What is expected.
Please reproduce the lines of the records below from the one holding "Thierry Henry Booking.com publicité sport" through the one holding "Teismui perduota byla", inclusive, skipping all pictures.

Material supplied.

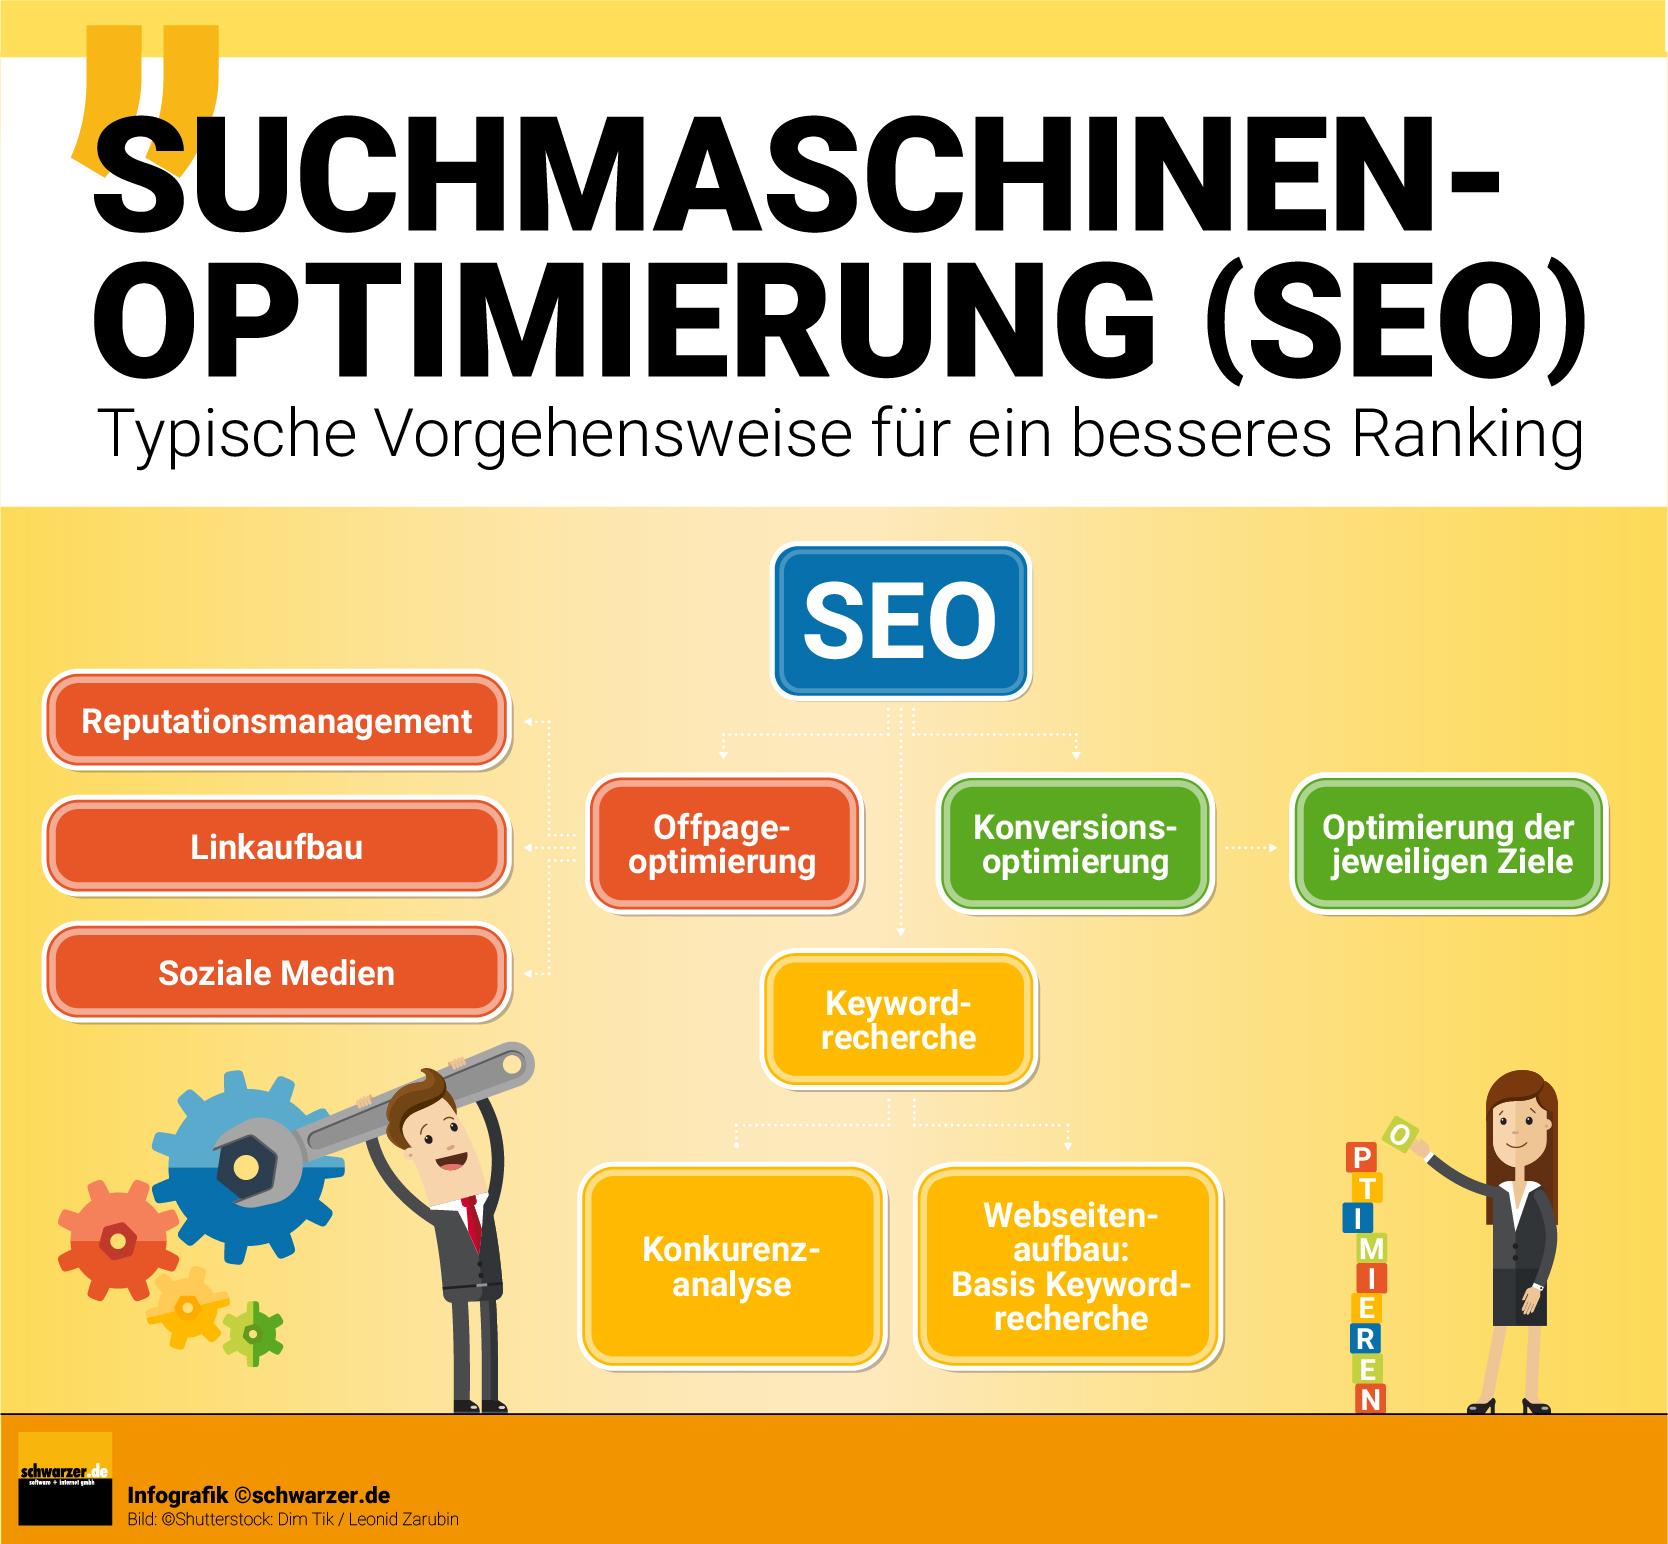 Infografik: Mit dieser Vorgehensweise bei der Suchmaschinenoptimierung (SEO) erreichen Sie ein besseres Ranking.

---

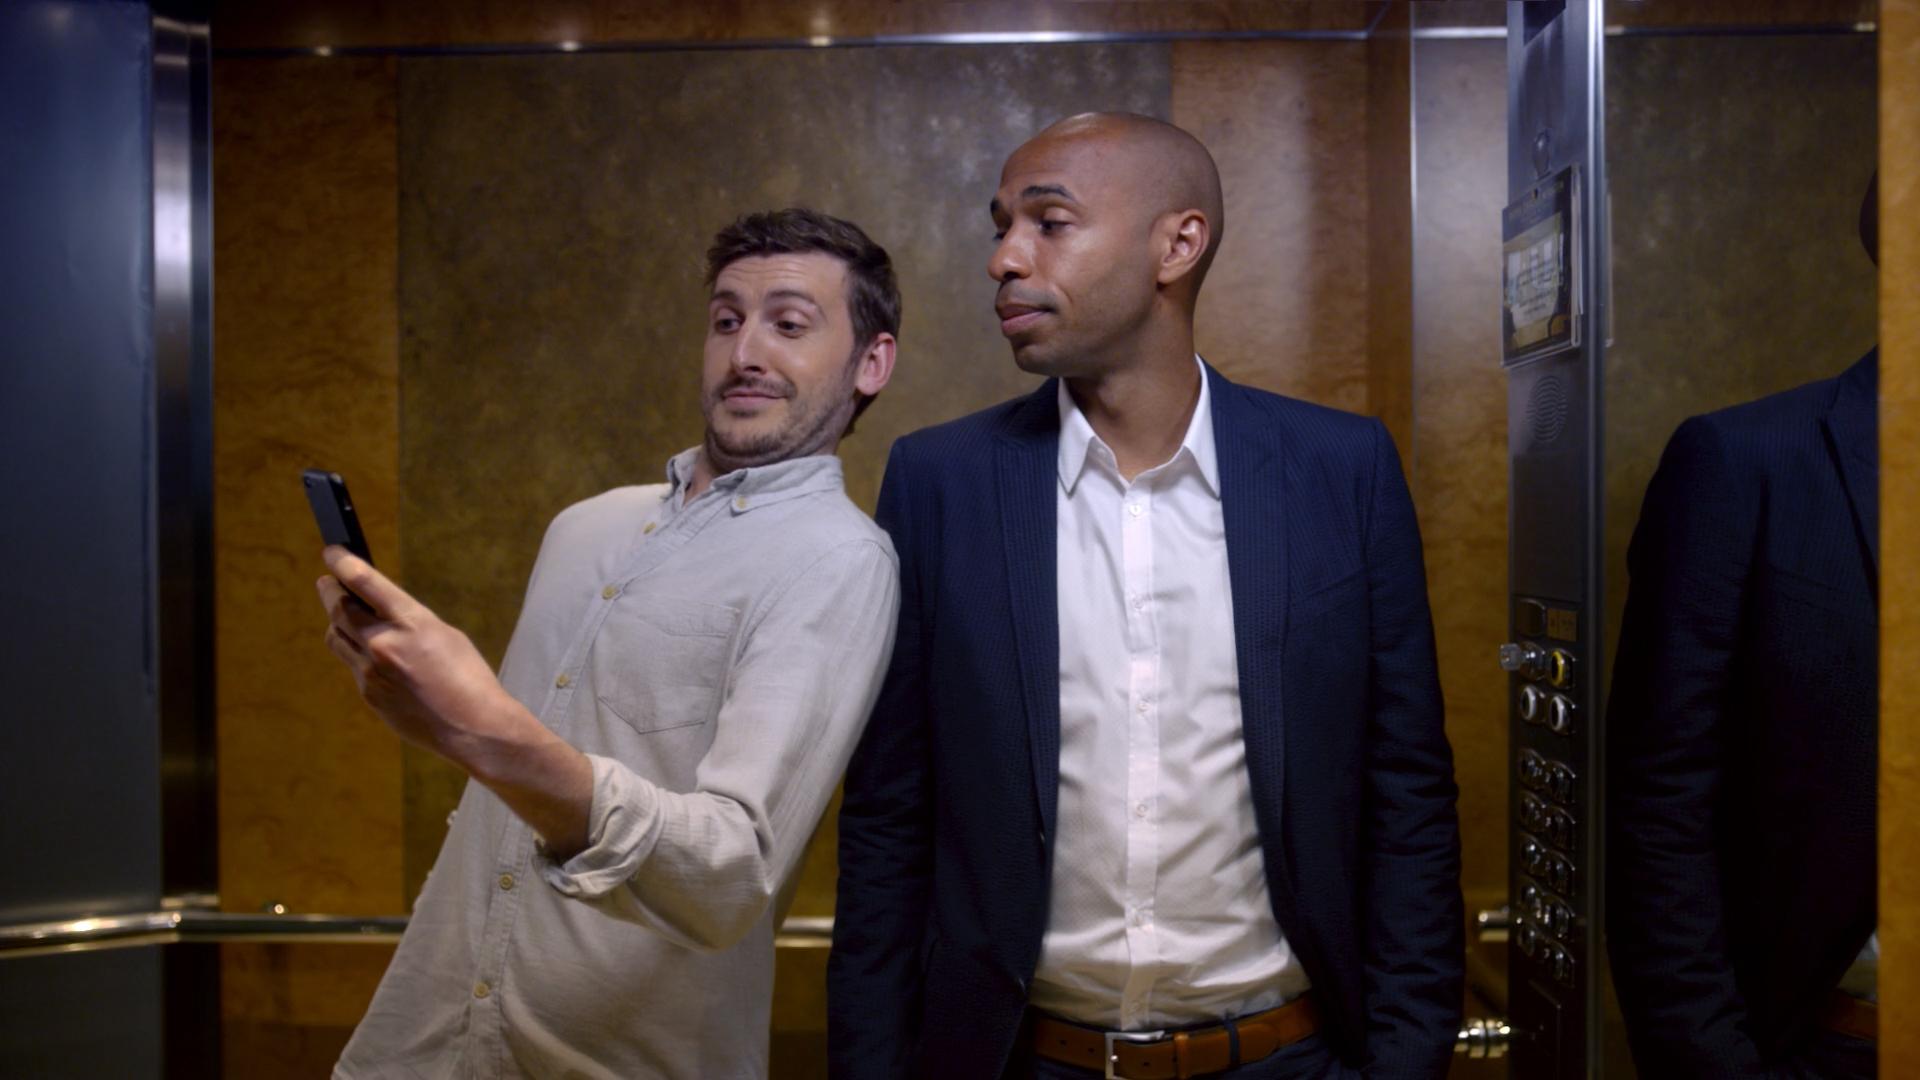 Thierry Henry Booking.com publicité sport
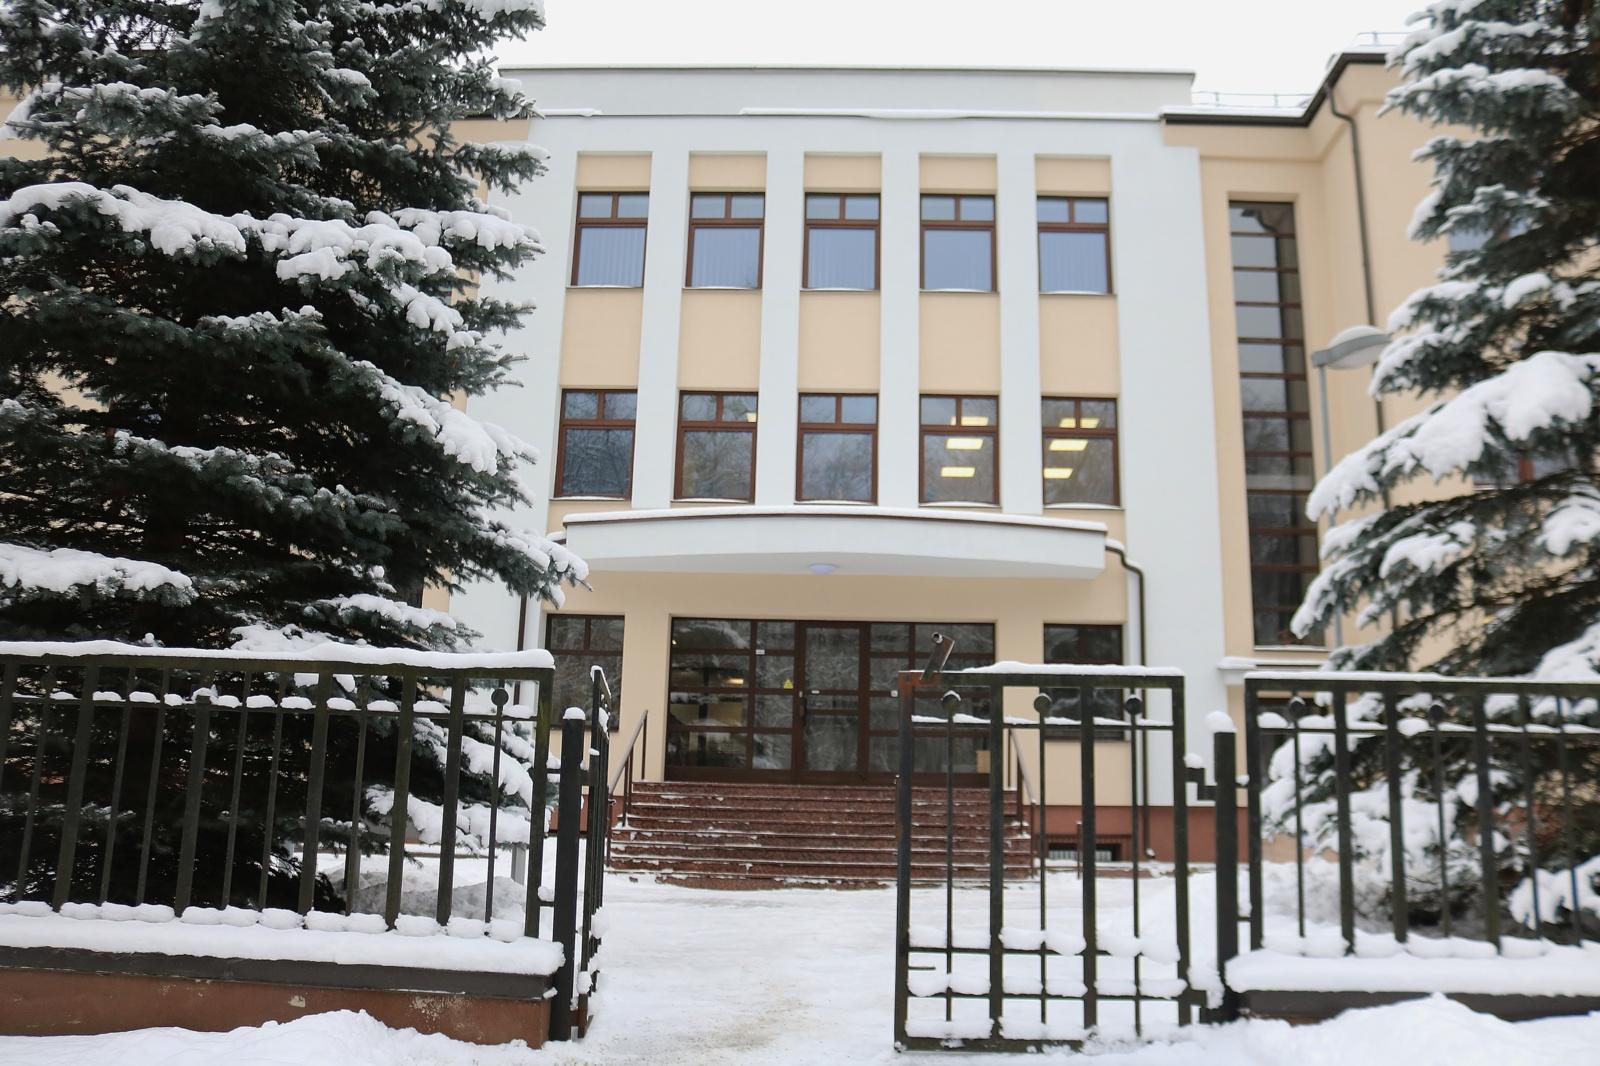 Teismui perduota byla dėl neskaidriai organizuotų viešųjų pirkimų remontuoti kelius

Written response.
 Thierry Henry Booking.com publicité sport
 Teismui perduota byla dėl neskaidriai organizuotų viešųjų pirkimų remontuoti kelius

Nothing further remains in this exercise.